Nursing Implications and Procedure


  • Positively identify the patient using at least two unique identifiers before providing care, treatment, or services.
  • Patient Teaching: Inform the patient this test can assist in assessing red cell appearance.
  • Obtain a history of the patient’s complaints, including a list of known allergens, especially allergies or sensitivities to latex.
  • Obtain a history of the patient’s gastrointestinal, hematopoietic, hepatobiliary, immune, and respiratory systems; symptoms; and results of previously performed laboratory tests and diagnostic and surgical procedures.
  • Note any recent procedures that can interfere with test results.
  • Obtain a list of the patient’s current medications, including herbs, nutritional supplements, and nutraceuticals (see Effects of Natural Products on Laboratory Values online at DavisPlus).
  • Review the procedure with the patient. Inform the patient that specimen collection takes approximately 5 to 10 min. Address concerns about pain and explain that there may be some discomfort during the venipuncture.
  • Sensitivity to social and cultural issues, as well as concern for modesty, is important in providing psychological support before, during, and after the procedure.
  • Note that there are no food, fluid, or medication restrictions unless by medical direction.
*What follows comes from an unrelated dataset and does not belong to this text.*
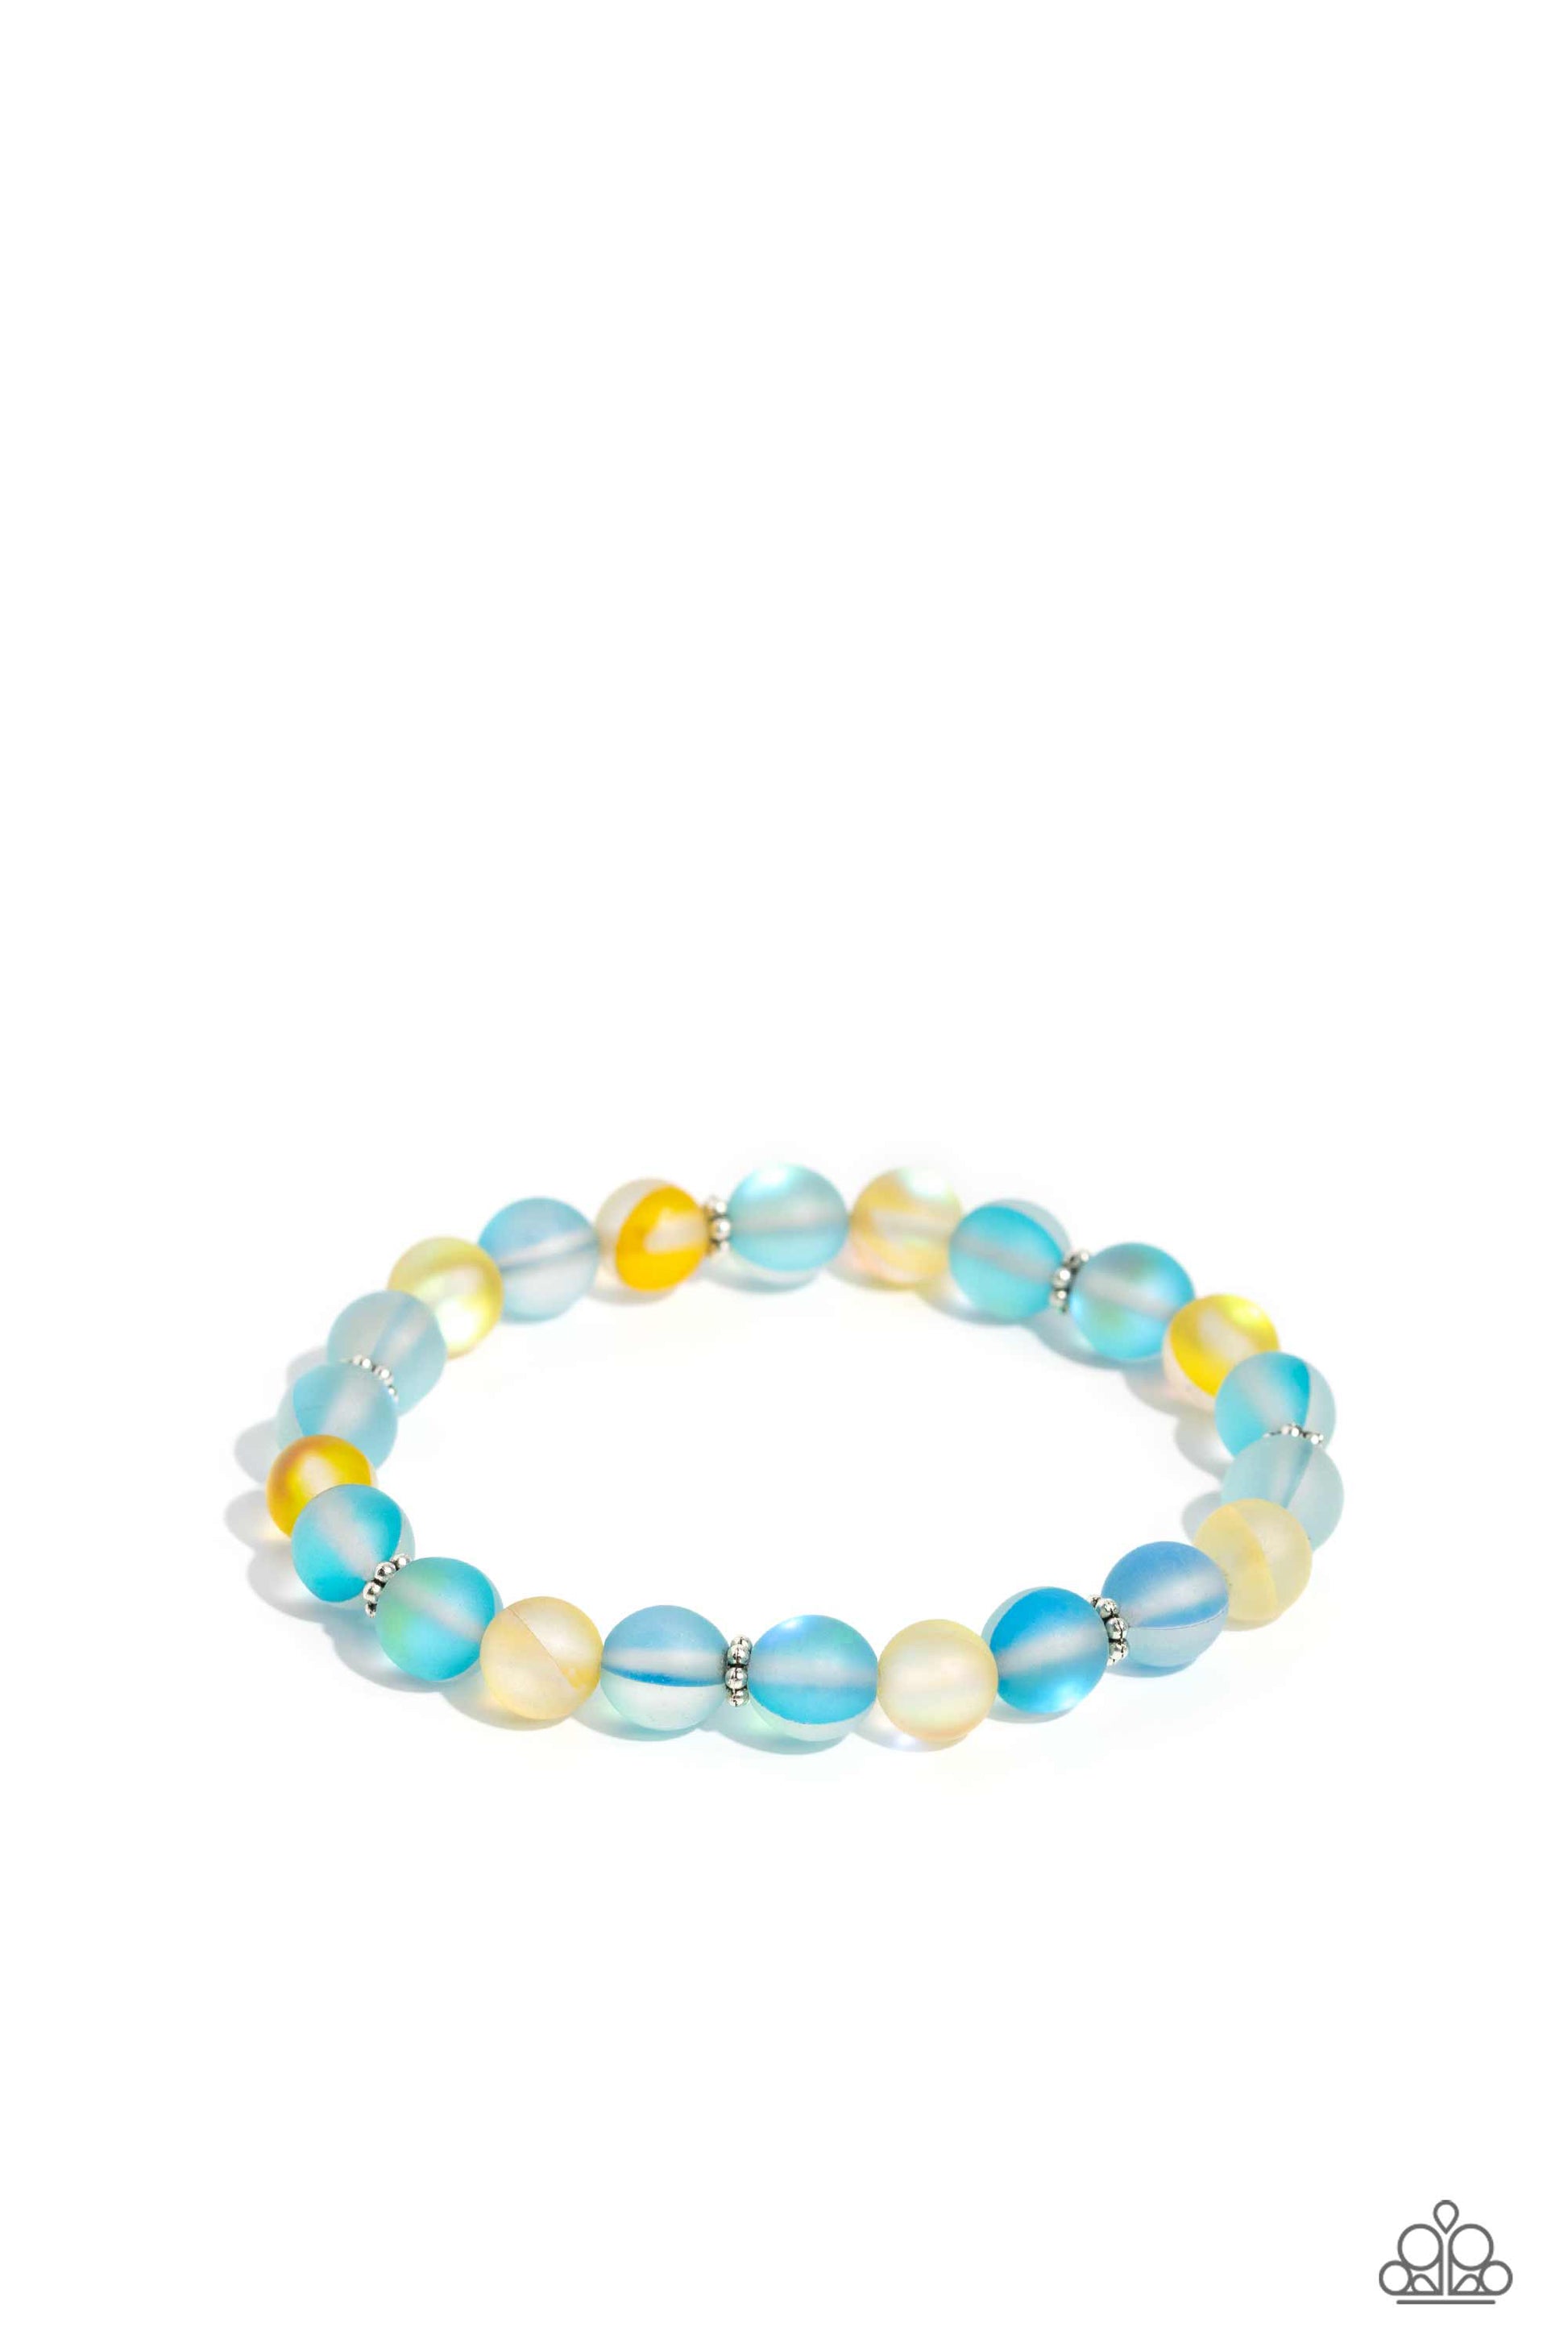 Infused with silver floral beads, a glassy collection of reflective blue and yellow-colored stone beads are threaded along an elastic stretchy band around the wrist for an adventurous pop of urban color.  Sold as one individual bracelet.

  • Potential complications: N/A
  • Avoid the use of equipment containing latex if the patient has a history of allergic reaction to latex.
  • Instruct the patient to cooperate fully and to follow directions. Direct the patient to breathe normally and to avoid unnecessary movement.
  • Observe standard precautions, and follow the general guidelines in Patient Preparation and Specimen Collection. Positively identify the patient, and label the appropriate specimen container with the corresponding patient demographics, initials of the person collecting the specimen, date, and time of collection. Perform a venipuncture. An EDTA Microtainer sample may be obtained from infants, children, and adults for whom venipuncture may not be feasible. The specimen should be mixed gently by inverting the tube 10 times. The specimen should be analyzed within 6 hr when stored at room temperature or within 24 hr if stored at refrigerated temperature. if it is anticipated the specimen will not be analyzed within 4 to 6 hr, two blood smears should be made immediately after the venipuncture and submitted with the blood sample. Smears made from specimens older than 6 hr will contain an unacceptable number of misleading artifactual abnormalities of the RBCs, such as echinocytes and spherocytes, as well as necrobiotic white blood cells.
  • Remove the needle and apply direct pressure with dry gauze to stop bleeding. Observe/assess venipuncture site for bleeding or hematoma formation and secure gauze with adhesive bandage.
  • Promptly transport the specimen to the laboratory for processing and analysis.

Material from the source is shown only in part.